Разные, конечно, деревни попадаются — на одни война всей тяжестью налегла так, что только косточки хрустнули, а другие едва краешком задела. По-разному Шеккиха в них и привечали. В непуганых деревнях народ сразу брался за дреколье, а в пуганых… лучше бы Шеккиху никогда в них не заходить! Лучше бы на первом же году войны от первой же стрелы смерть принять. Лучше бы и вовсе на свет не родиться. Все лучше, чем смотреть, как люди, ради которых ты принимал раны, гнил в лазаретах, ползал в разведку и лазил по магическим лабиринтам — как эти самые люди, едва тебя завидев, ложатся наземь и тихими обреченными голосами молят: «Все отдадим… только не убивай… пощади…» И ведь последний кусок у детей своих ото рта отнимут, и девицу покрасивей навстречу выпихнут — лишь бы тем и удовольствовался незнаемый грабежник, лишь бы помиловал. У Шеккиха по первому разу так все перед глазами и поплыло. Ни слова не сказал — развернулся и ушел молча. А потом долго, до самых сумерек сидел на краю поля, надеясь хотя бы заплакать, чтоб не так на душе было муторно. В лесу или на большой дороге ему бы, может, и удалось заплакать… но не здесь, не вблизи от этого поля. Оно было не просто вспахано, но с каким-то остервенелым раздрызгом отчаяния поднято плугом и вывернуто вплоть до желтой глины — зачем, для какой надобности? Глина оплюхла, раскисла под весенними дождями. Шекких смотрел на обеспложенное поле, пока его самого не вывернуло наизнанку голодной вязкой желчью.
Еще дважды ему приходилось натыкаться недоуменным и гневным взглядом на покорно согбенные спины. В третьей же деревне из пуганых старичок попытался его все же топором употчевать. Дряхлый такой старичок, ветхий совсем, легонький — топор потяжелей его будет. У него-то Шекких и заночевал. У него и узнал, как отставной лейтенант со стороны смотрится. С тех пор Шекких всякую деревню издали обходил.
Хоть он и твердо решил денег не трогать, а пришлось. Кормиться Шекких мог только в придорожных трактирах, а в трактире задаром можно только слюнки глотать. Отработать еду Шекких трактирщикам даже и не предлагал.
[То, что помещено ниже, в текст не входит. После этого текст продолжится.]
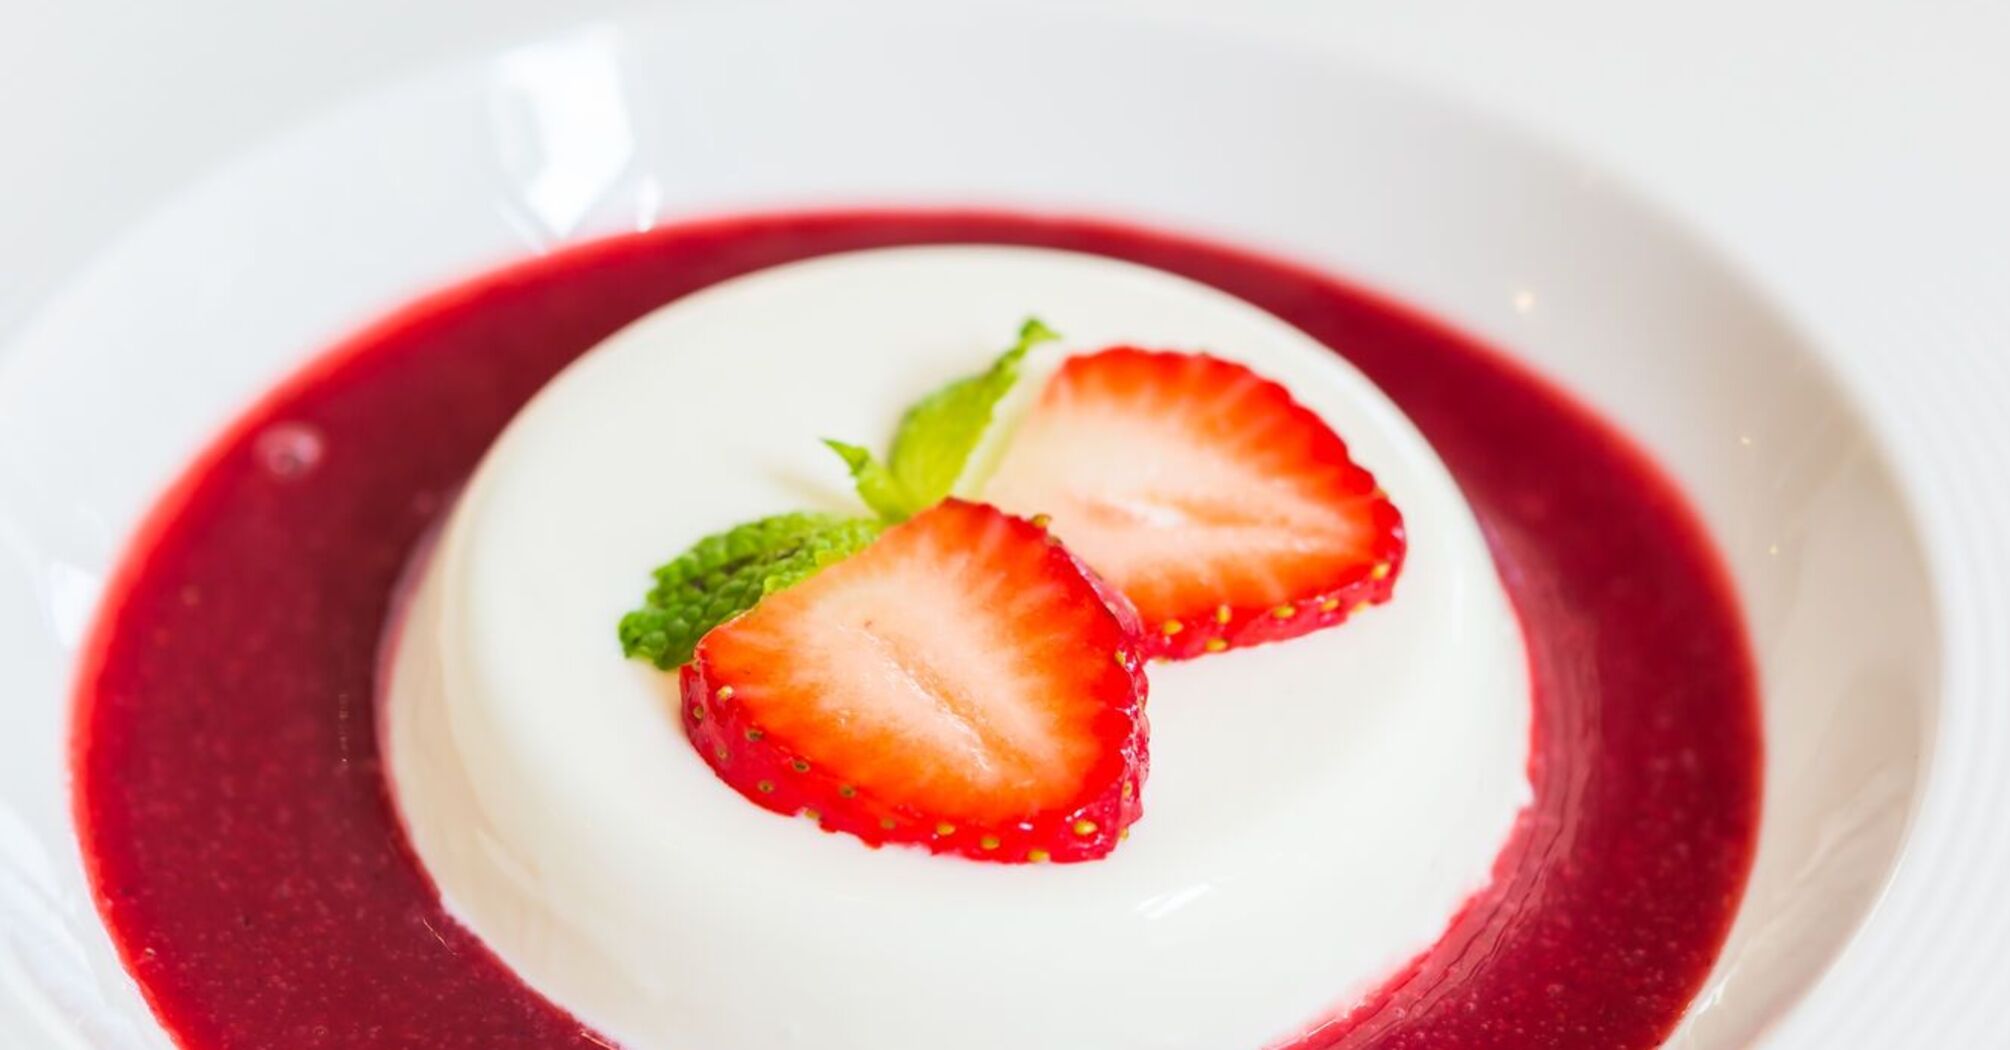 Strawberry panacotta: a simple dessert that everyone loves

И без него полным-полно бездельных рук да голодных ртов. А работы кругом не больше стало, как он по наивности своей полагал, а меньше. Пусть и скверные деньги у него в кошеле, пусть они с каждым днем и стоят все дешевле, но все же это деньги… так смеет ли он отбивать заработок у людей и вовсе безденежных?
— Я думал, мне и на обзаведение останется, — говорил он Айхнелу, уплетая на ходу черствую горбушку, — а мне, как я погляжу, и до дому добраться денег не хватит.
— Так ты ведь и идешь не домой, — произнес Айхнел так спокойно, что Шекких едва не подавился. — Тебе на восток взять надо было, а ты вон как далеко к северу забрался.
— Неохота вдоль границы идти, — ответил Шекких. — Голодно вдоль границы. Совсем недавно война схлынула. Да и дороги скверные. Лучше взять севернее, а потом свернуть…
— Хоть себе-то голову не морочь, — хмыкнул Айхнел. — Про дороги ты сейчас только придумал. А на север ты после того поля свернул… ну, помнишь, где ты еще полдня на меже просидел?
— Помню, — не повышая голоса, ответил Шекких.
Он ожидал, что Айхнел, по вечному своему обыкновению, начнет перетолковывать сказанное им на разные лады, но меч смолчал, словно охоту продолжать беседу у него отбило разом. Поневоле пришлось Шеккиху избрать дорожным собеседником самого себя. Очень удобно: даже рта раскрывать не надо, чтобы мыслями обменяться. И перебить никто не сумеет. Знай себе иди да размышляй, сколько душе угодно, покуда не прискучит.
Шекких и размышлял, то и дело сердито посапывая, когда ему вспоминались странные слова Айхнела. Ерунда, совершеннейшая ерунда! Как это — не домой он идет? А куда, позвольте спросить? Глупости это все. Эк же и сморозил Айхнел! Не домой — это ж надо же такое брякнуть! Дорогу Шекких, видите ли, не ту выбрал! Тоже советчик выискался — всю жизнь в ножнах на стенке провисел… много он в дорогах понимает. Да он их и видел-то до сей поры разве что на картах нарисованными. Не та дорога, вот еще! Самая что ни на есть та. Правильно Шекких сделал, что взял к северу, вглубь страны, от границы подальше. Здесь и люди поспокойнее, и леса посытнее. Третьего дня вот даже зайца изловить удалось. Грибы мало-помалу попадаться стали. Скоро и вовсе можно будет лесом прокормиться, а покупать только хлеб, если совсем уж невтерпеж станет. Долгая дорога, кто же спорит — зато и более верная. Дурак Айхнел. Выдумал тоже — не домой…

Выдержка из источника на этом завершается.